Saved entries
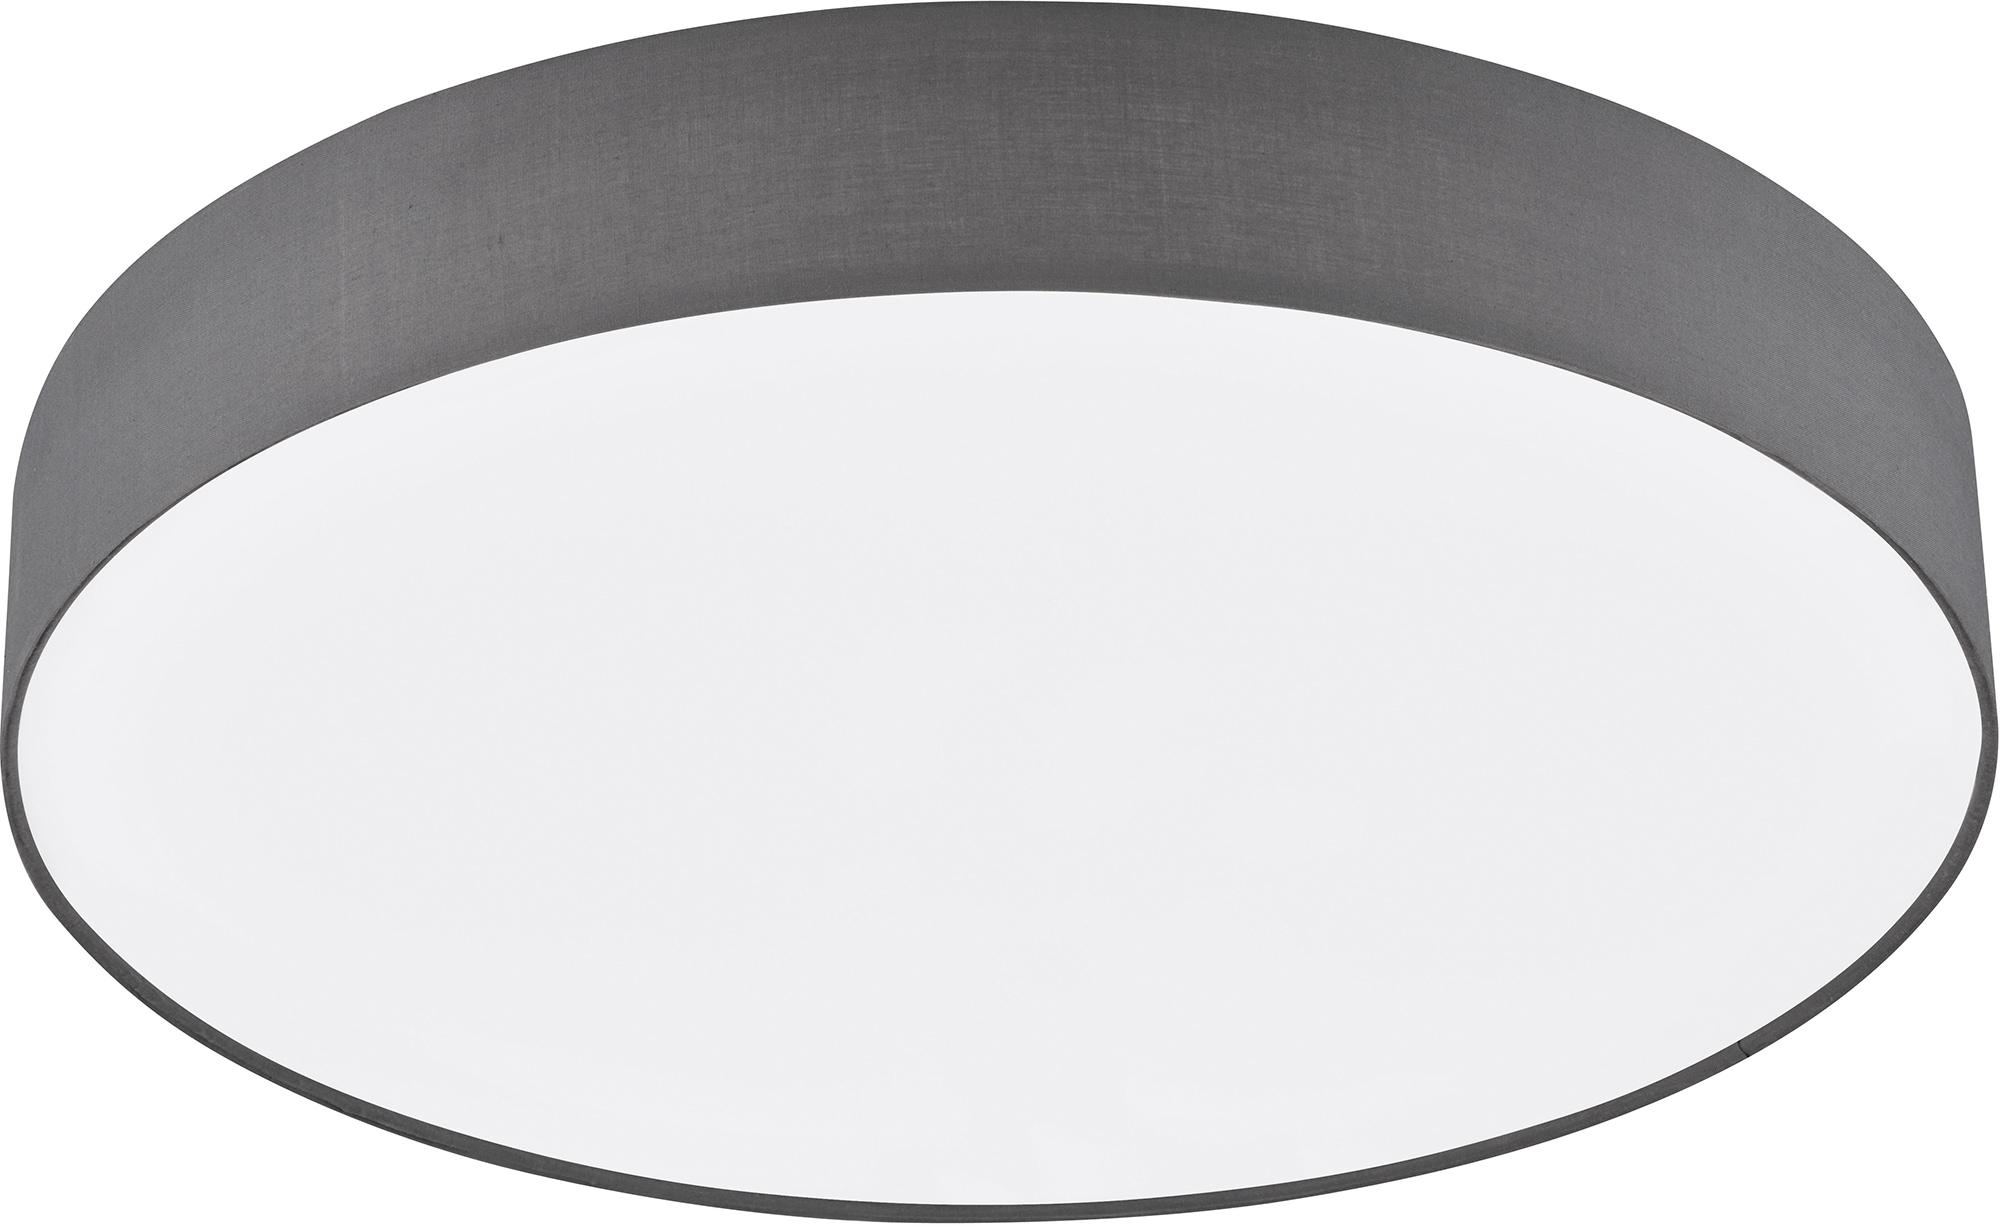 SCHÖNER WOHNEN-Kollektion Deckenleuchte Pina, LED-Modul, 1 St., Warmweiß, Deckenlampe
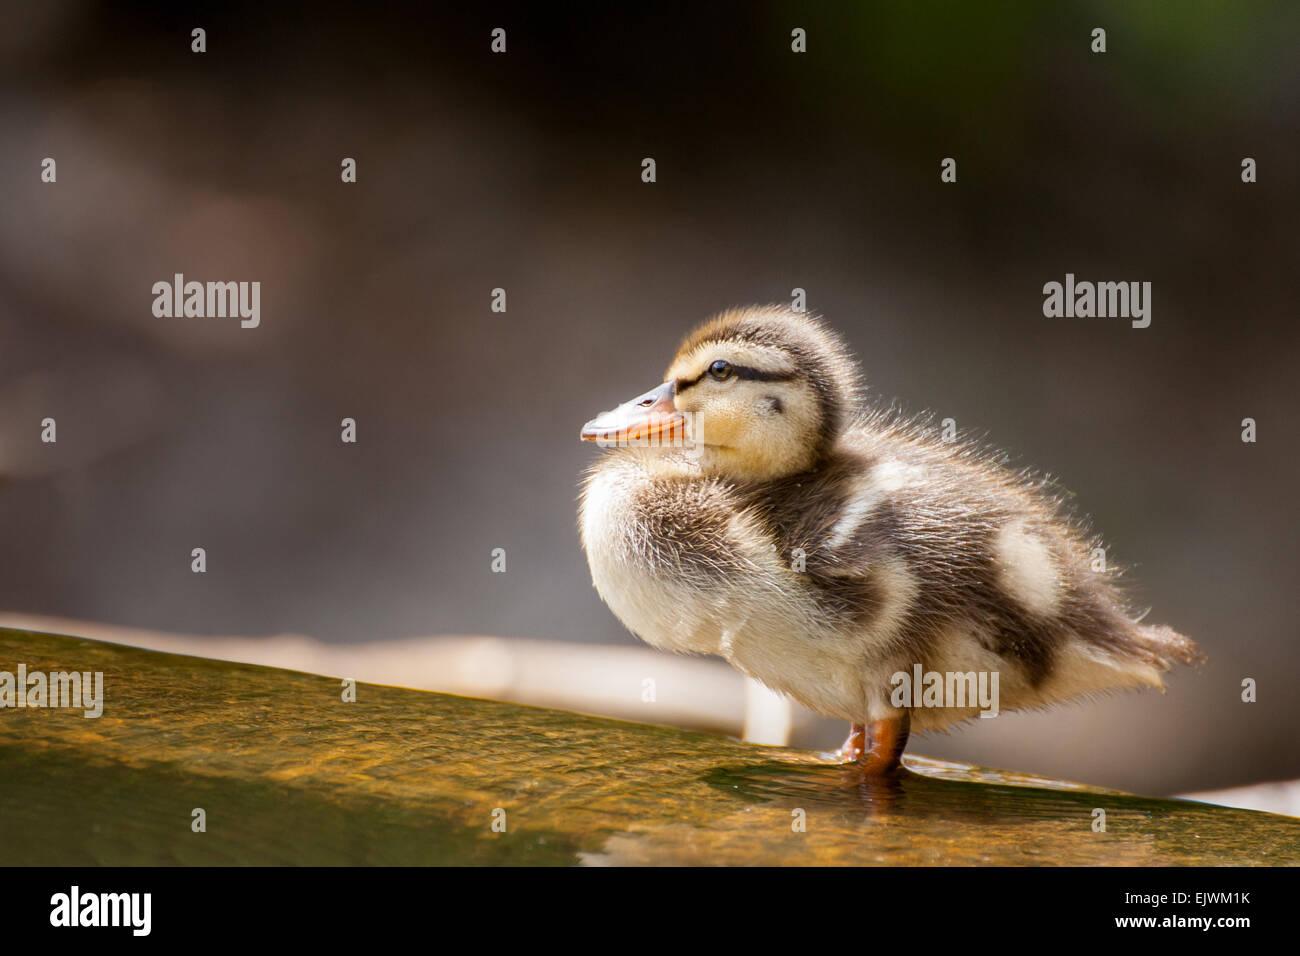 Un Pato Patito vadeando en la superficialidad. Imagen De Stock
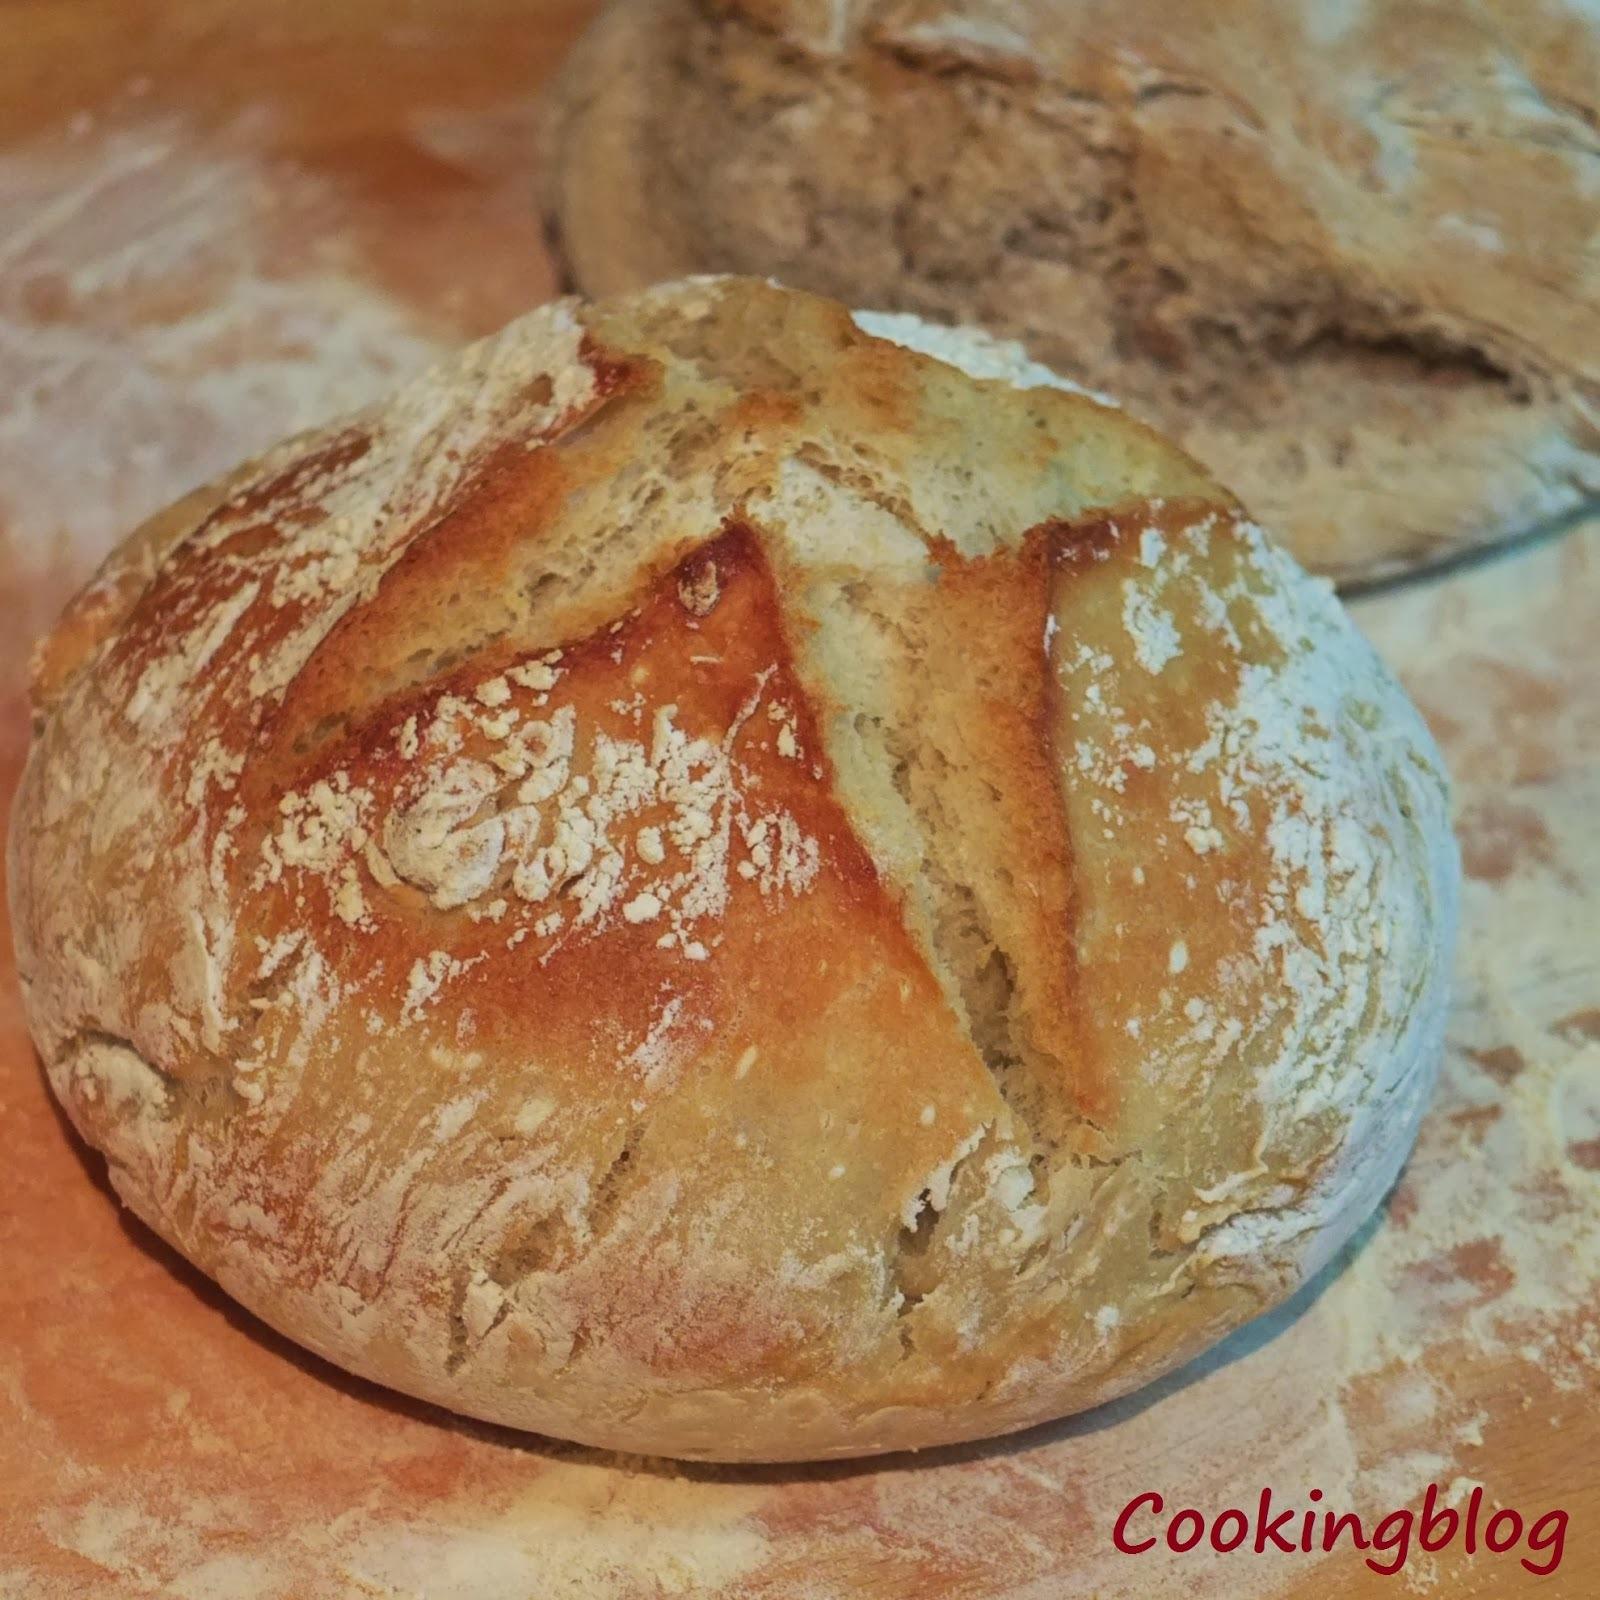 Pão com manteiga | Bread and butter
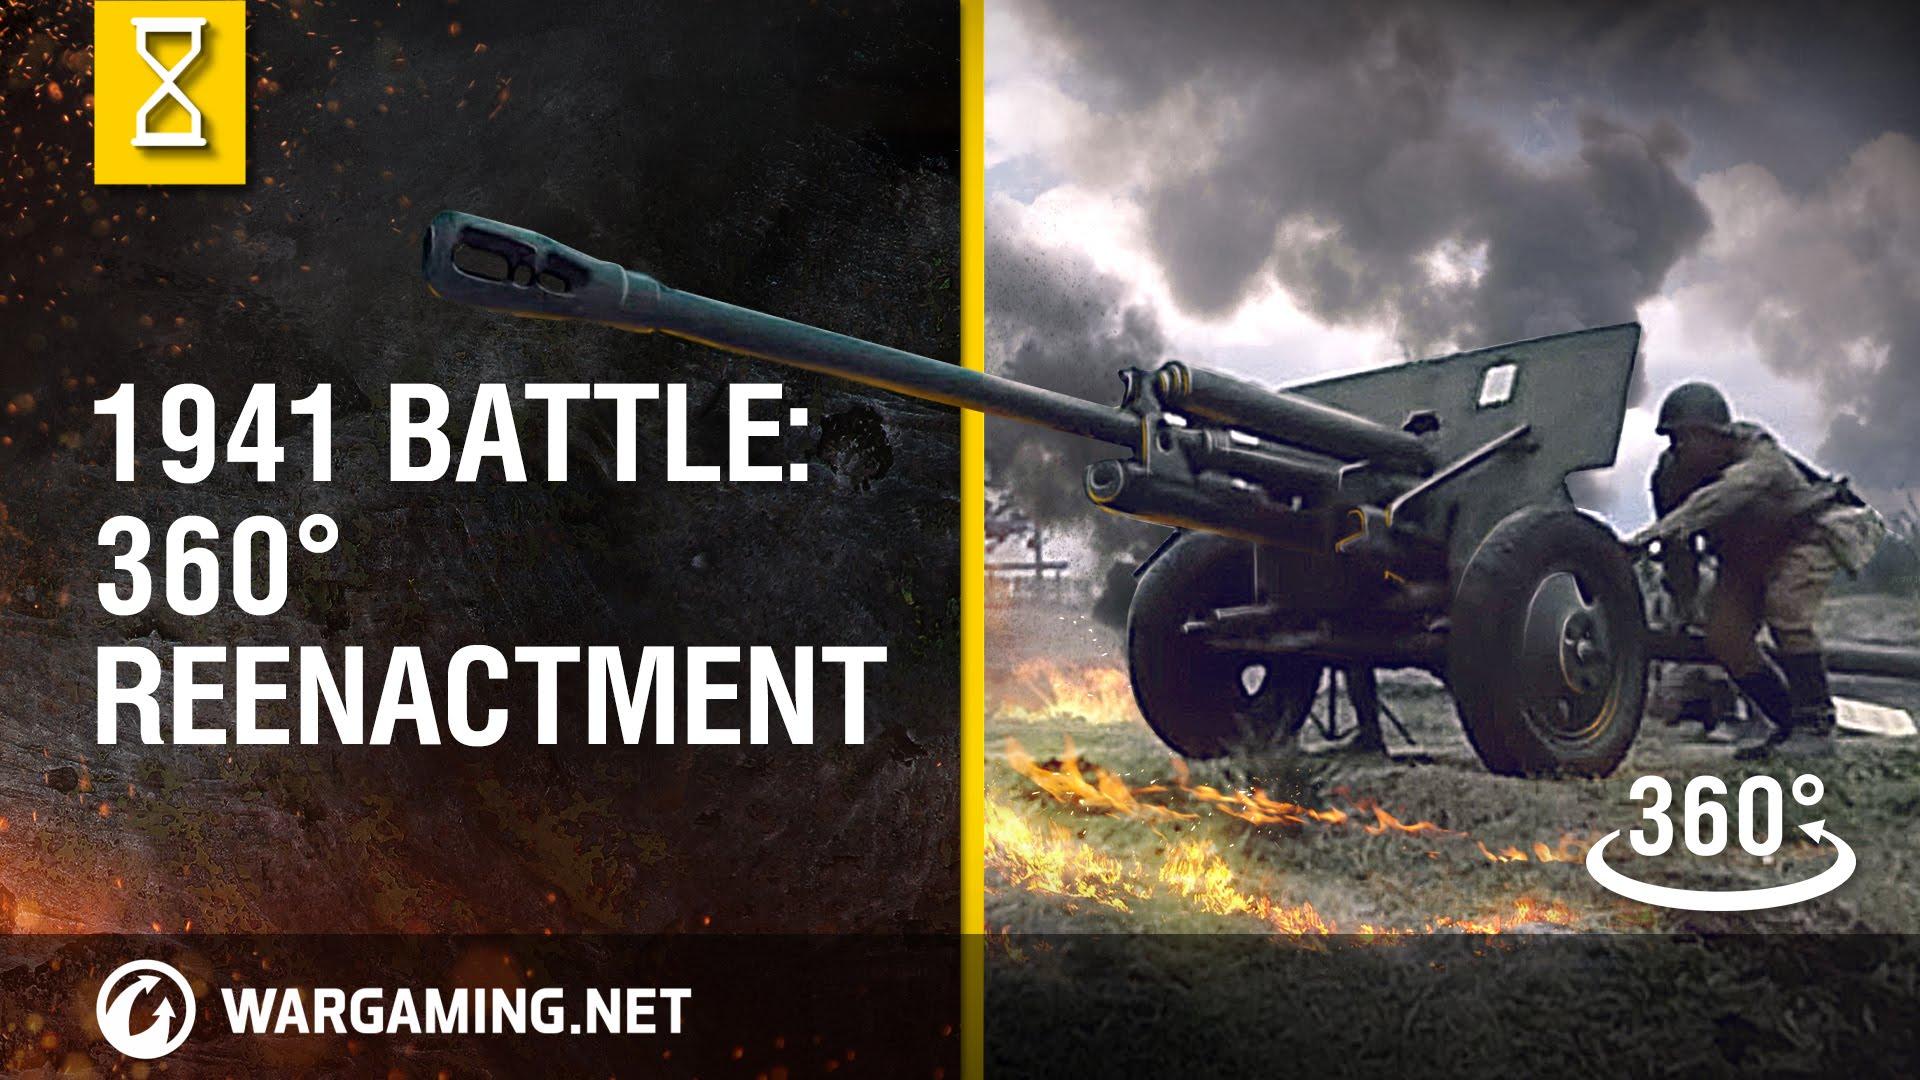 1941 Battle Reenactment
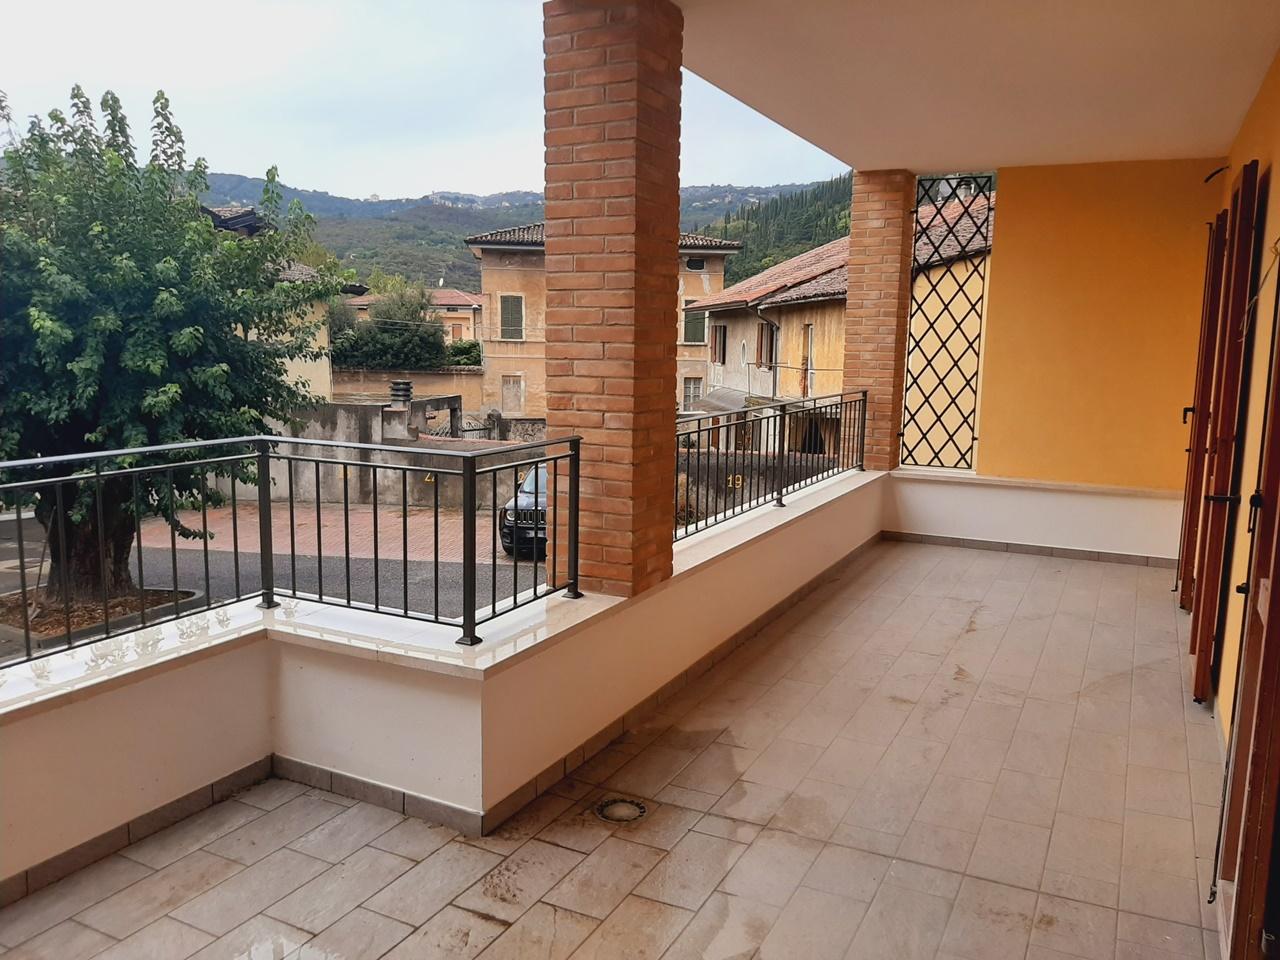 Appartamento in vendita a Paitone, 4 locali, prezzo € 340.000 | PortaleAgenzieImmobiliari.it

#### What to produce
Strip out the images, then output the records above word for word.

#### Your solution
 SCHÖNER WOHNEN-Kollektion Deckenleuchte Pina, LED-Modul, 1 St., Warmweiß, Deckenlampe
 Un Pato Patito vadeando en la superficialidad. Imagen De Stock
 Pão com manteiga | Bread and butter
 1941 Battle Reenactment
 Appartamento in vendita a Paitone, 4 locali, prezzo € 340.000 | PortaleAgenzieImmobiliari.it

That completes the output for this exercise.